* _Available data_:
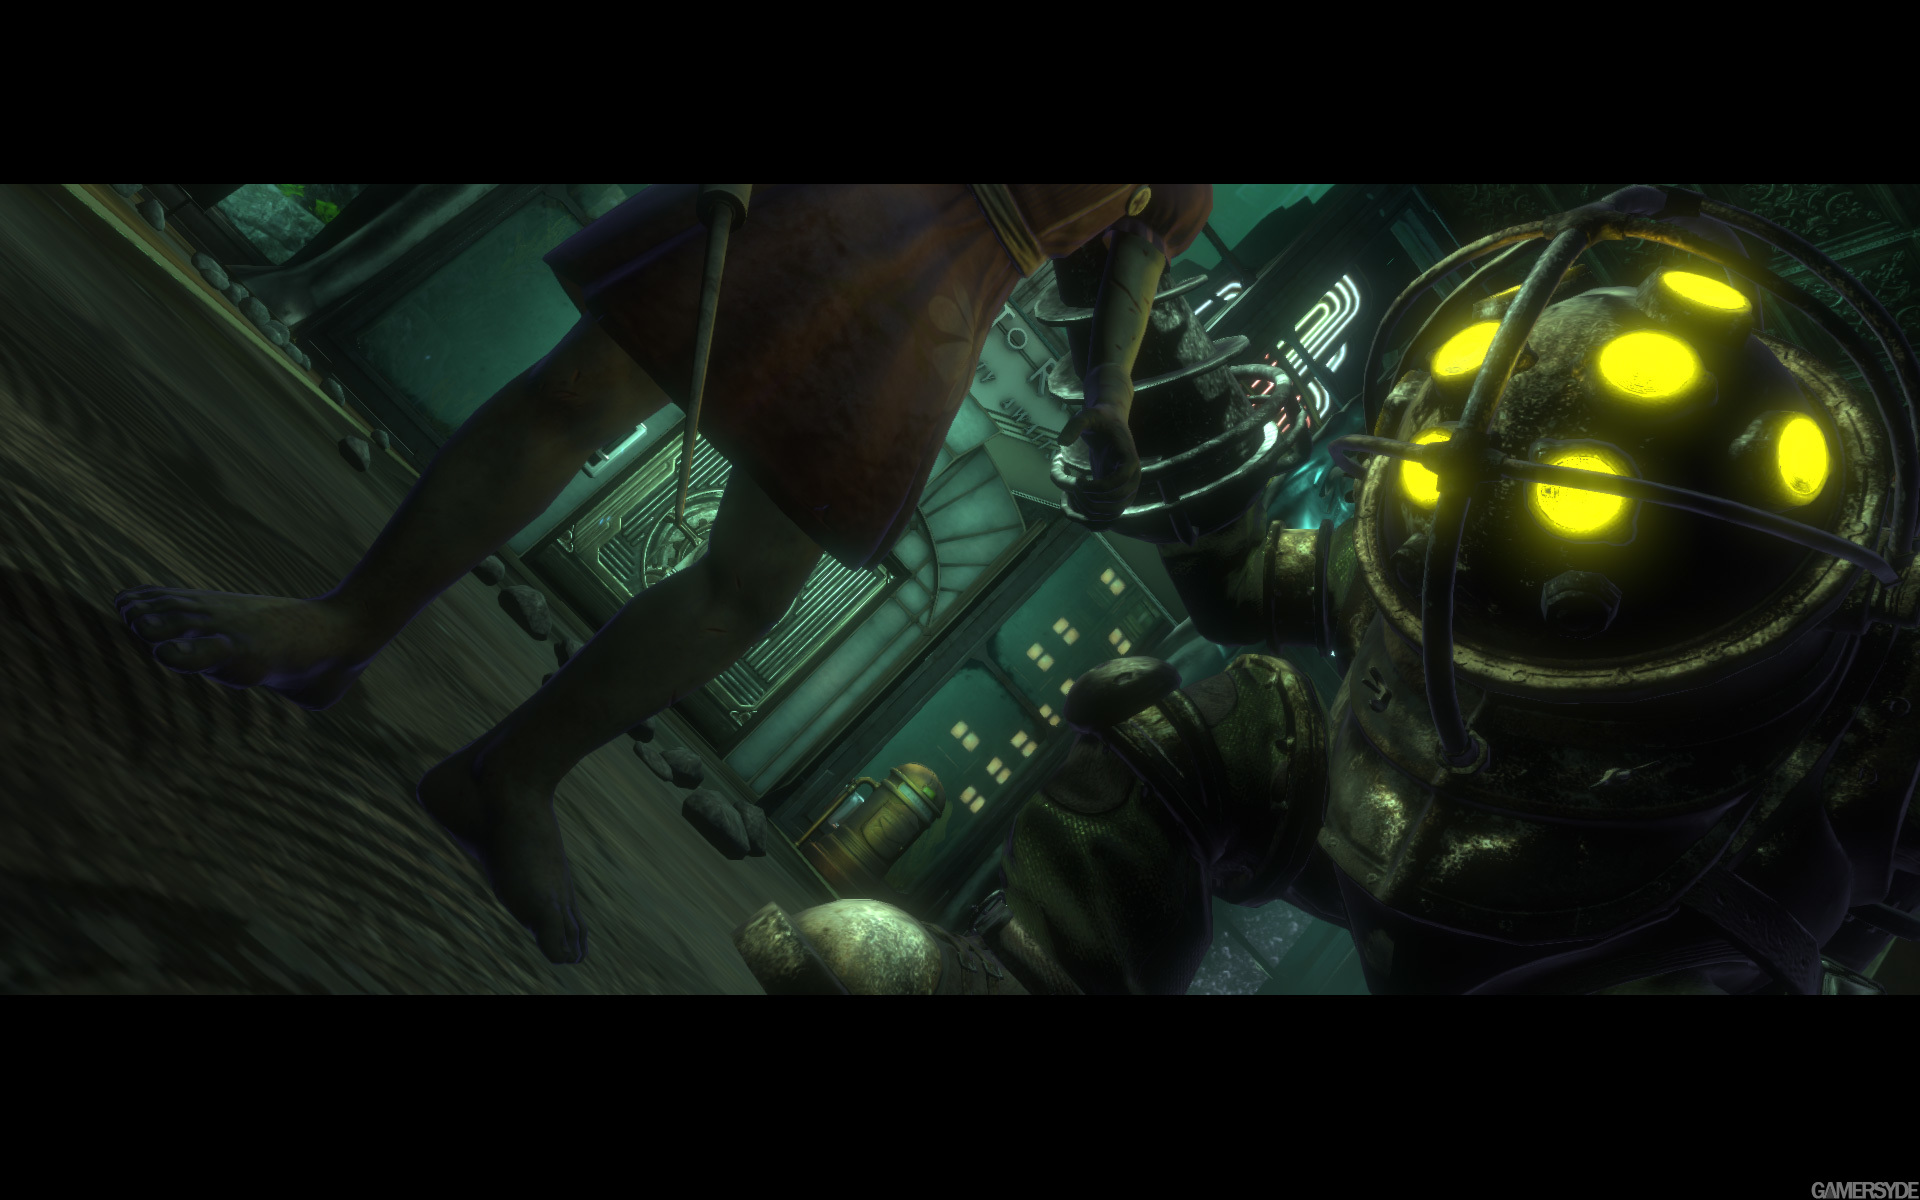 image bioshock the collection-32399-3655 0002
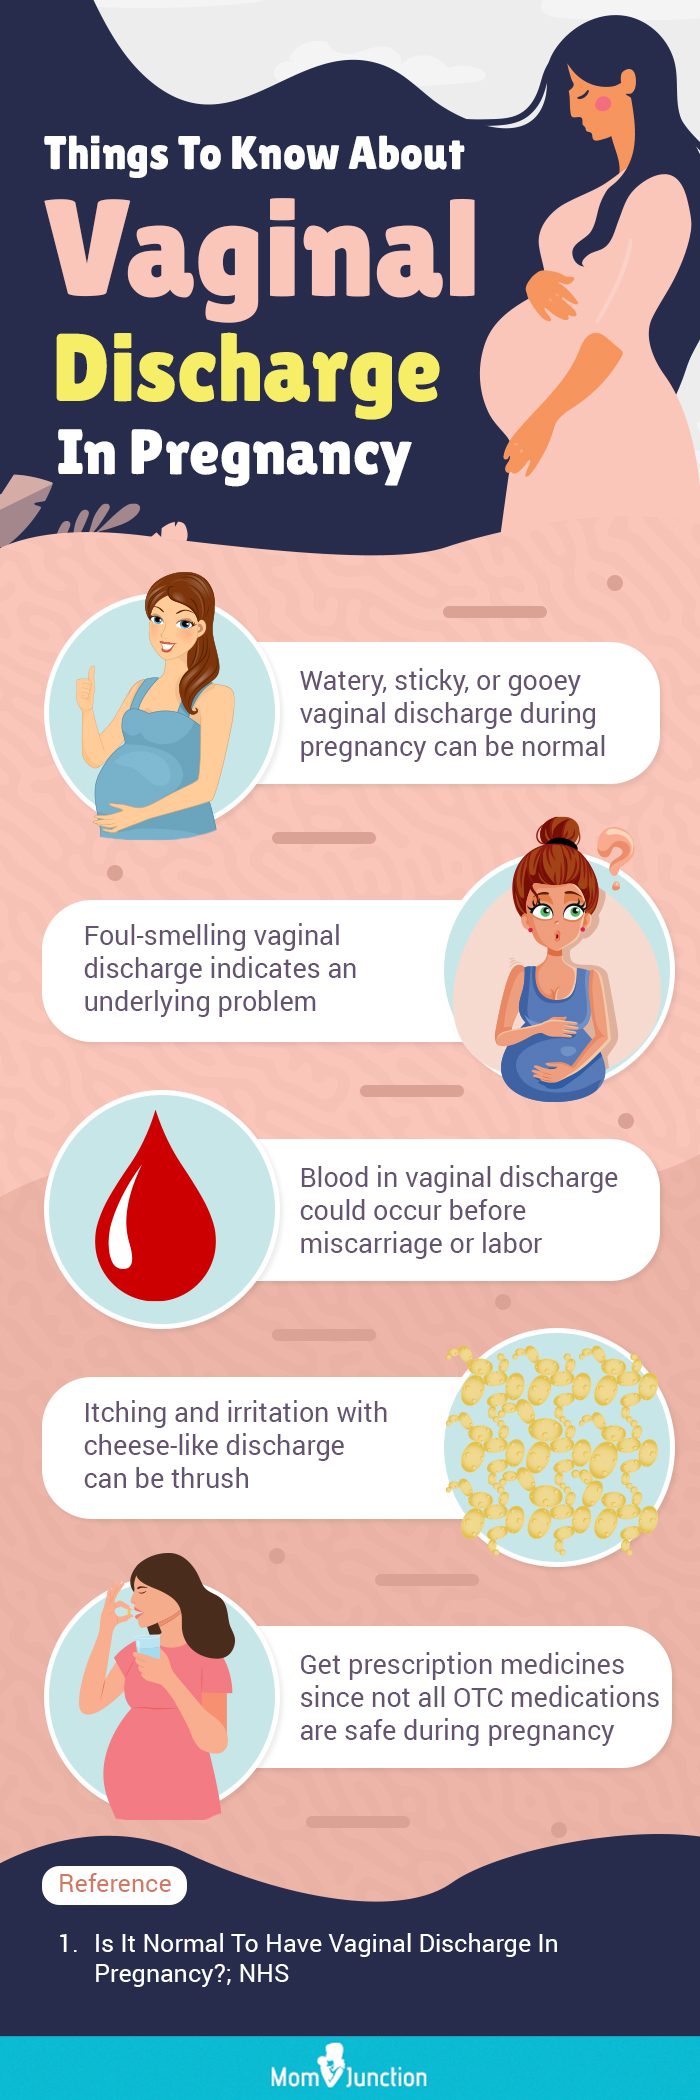 Pregnancy discharge: what vaginal discharge means during pregnancy
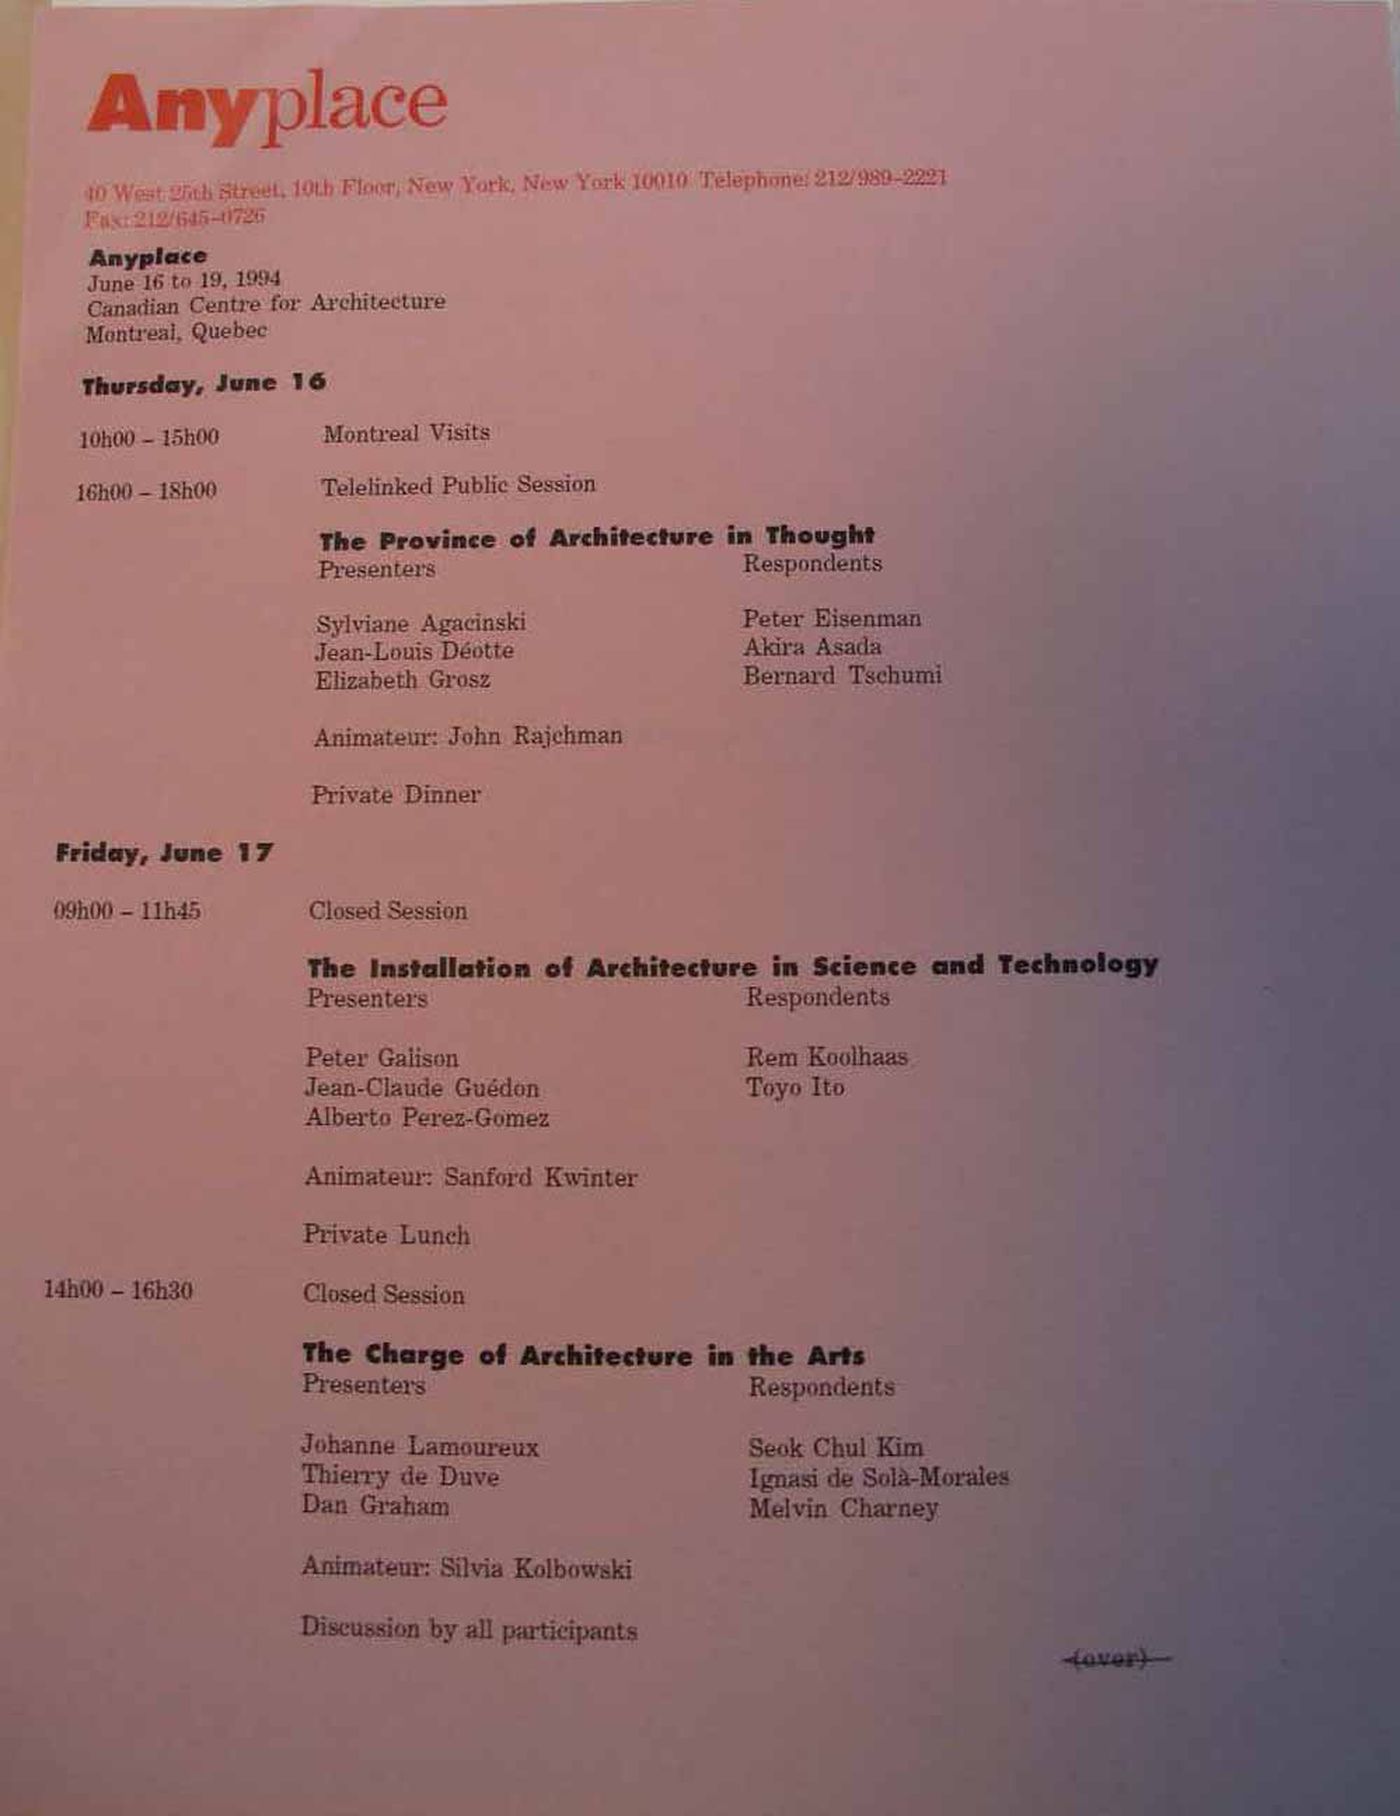 Program for the Anyplace Conference at the Canadian Centre for Architecture

* _What is expected_:
Transcribe the listing above in full. Pictures are not part of the copy.

* _Response to the exercise_:
 image bioshock the collection-32399-3655 0002
 Pregnancy discharge: what vaginal discharge means during pregnancy
 Program for the Anyplace Conference at the Canadian Centre for Architecture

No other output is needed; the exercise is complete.